Though it may sound pretty simple on first reading the concepts
are not that simple once you go deeper. To begin with, there are
numerous types of investments which are grouped together under one
main category of investment. Not every one is suited for any type
of investment as your own personal financial goal and your own
risk tolerance level will play a critical role in determining
which of the options will work best for you.
There is quite a bit to learn about each of these investment
types. For instance, the stock market can be very frightening for
someone who is clueless about how it operates and what happens
there. Luckily, the amount of knowledge you require is directly
related to the type of investor you are likely to be. Investors
again can be of three types: conservative, moderate, and
aggressive. The type of investment plans they opt for is directly
related to the type of investor he or she is. The risk tolerance
level of an individual divides the investment market into two sub
categories: high and low risk.
Interest bearing savings accounts, money market accounts, mutual
funds, US Treasury bills, and Certificates of Deposit, are various
types of investment options where conservative investors invest
with cash. These are considered extremely safe and low risk
investments where your money grows over a long period of time.
Investors, who fall in the moderate risk taking category, invest
with cash and bonds and play with stock market options once in a
while. These people take low to moderate risks. You will find lot
of moderate risk takers investing in real estate; provide they are
low risk properties.
One of the investment options which involve higher risk is the
stock market, where you will find aggressive investors’
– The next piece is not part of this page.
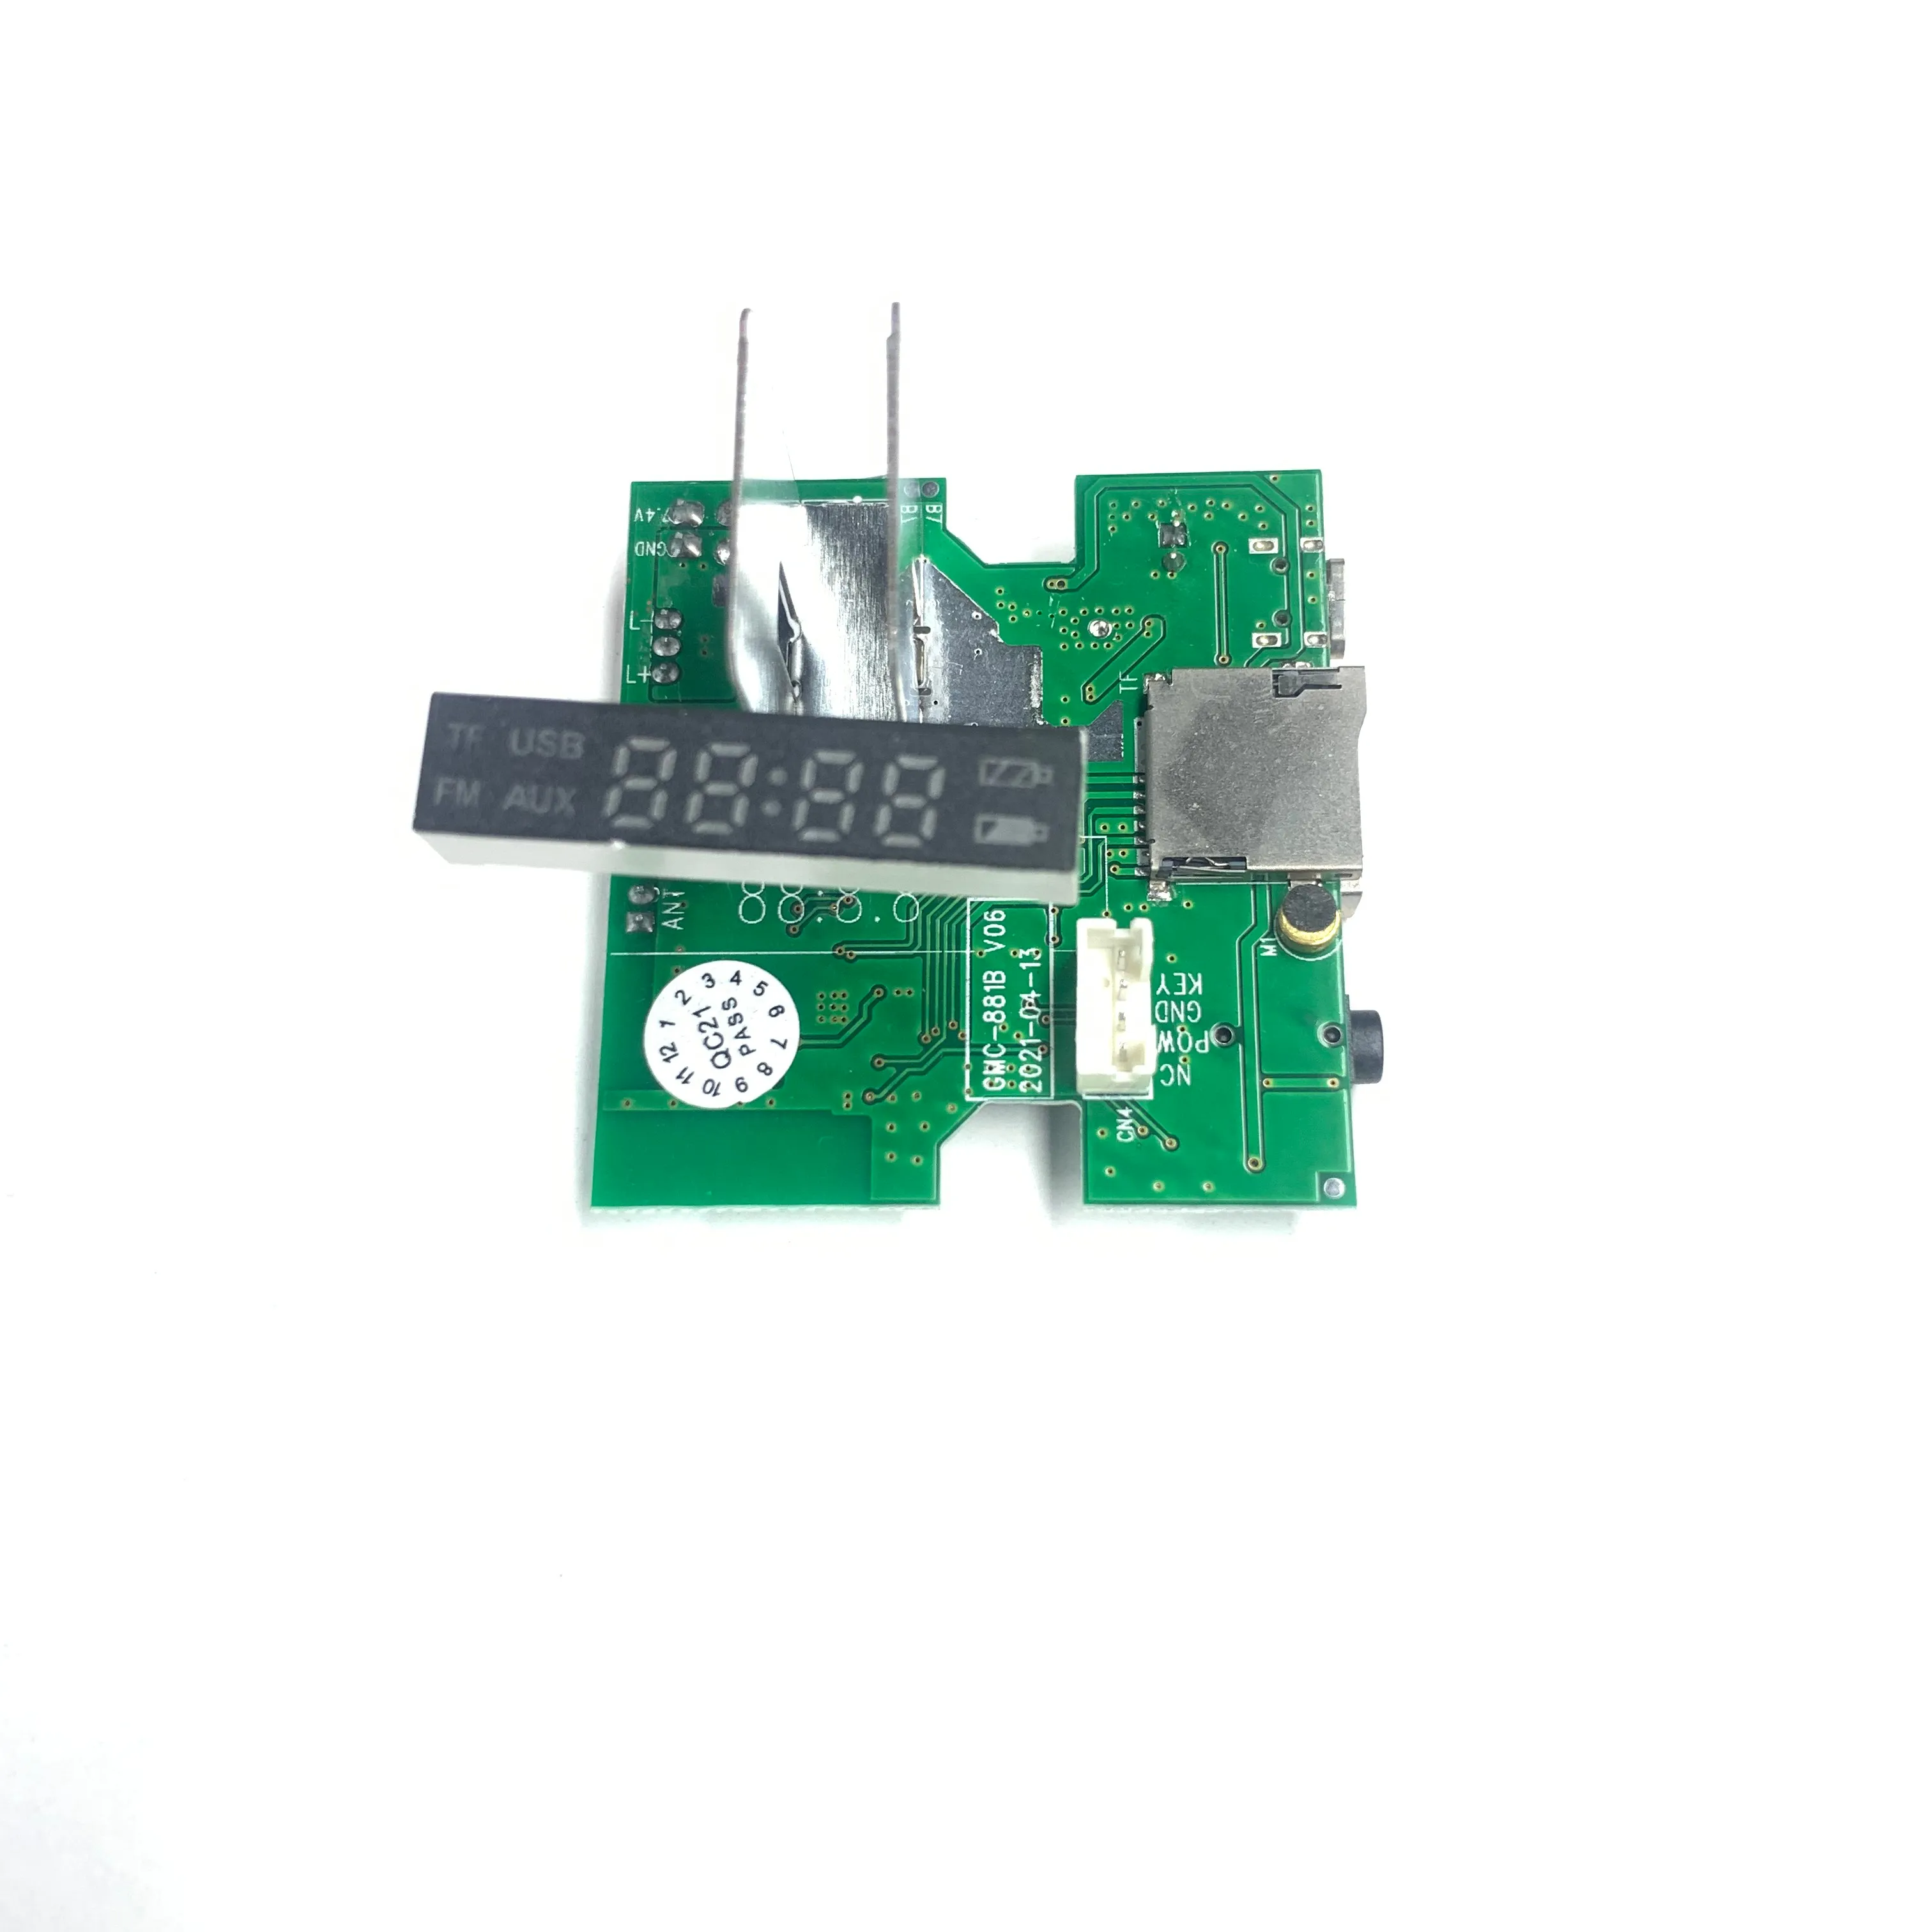 MP3 müzik çalar taşınabilir ses yüksek performanslı PBC üreticisi G2 oyuncu LED dekoder ses kartı PCB kartı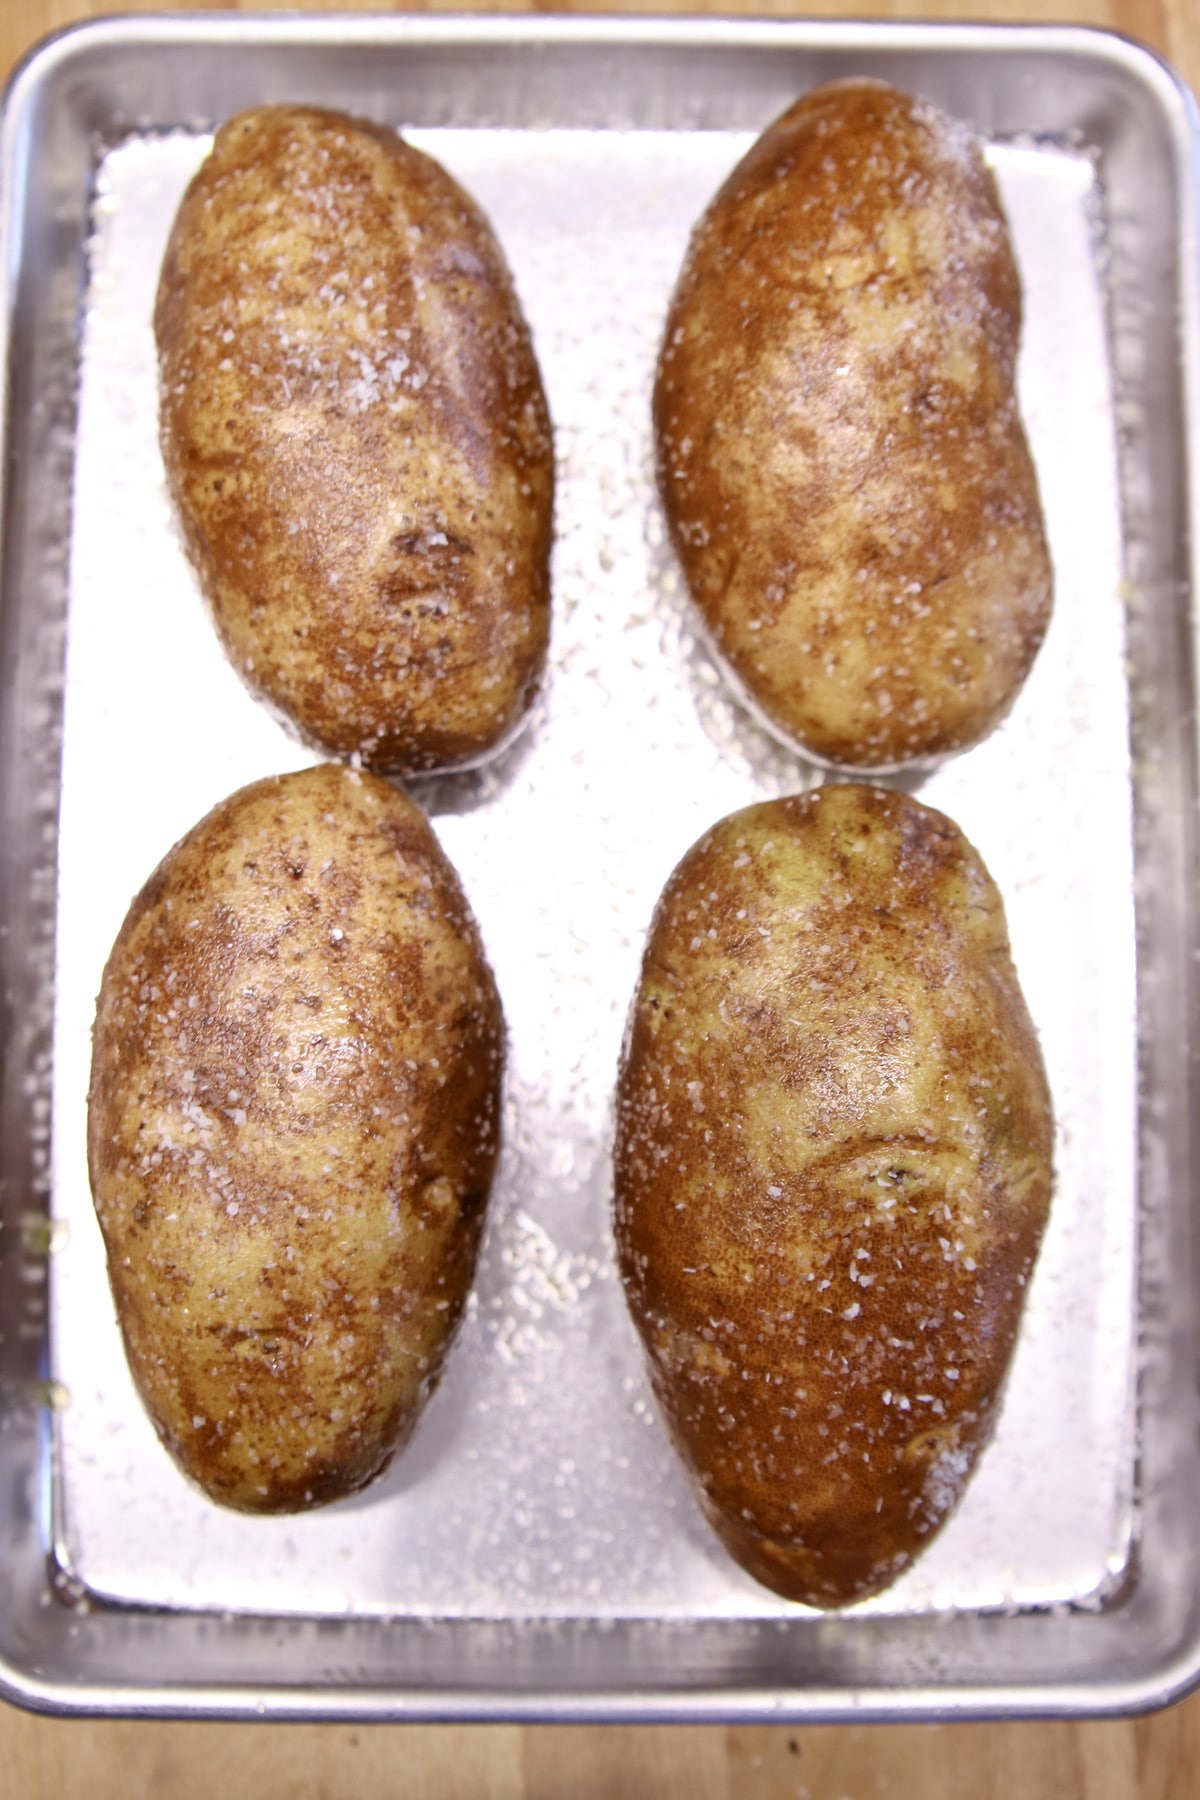 4 russet potatoes on a baking sheet.

investments. Aggressive investors also invest in high-risk real
estates and other business ventures. Imagine an aggressive
investor buying an old property and then investing further money
for expensive renovation. He is therefore taking a big risk. He is
expecting to rent the apartment at a higher value than the
investment or even sell it at a whopping profit. While it may work
out perfectly well according to plan, sometimes it boomerangs or
fails. It is just an example of a high-risk investment plan.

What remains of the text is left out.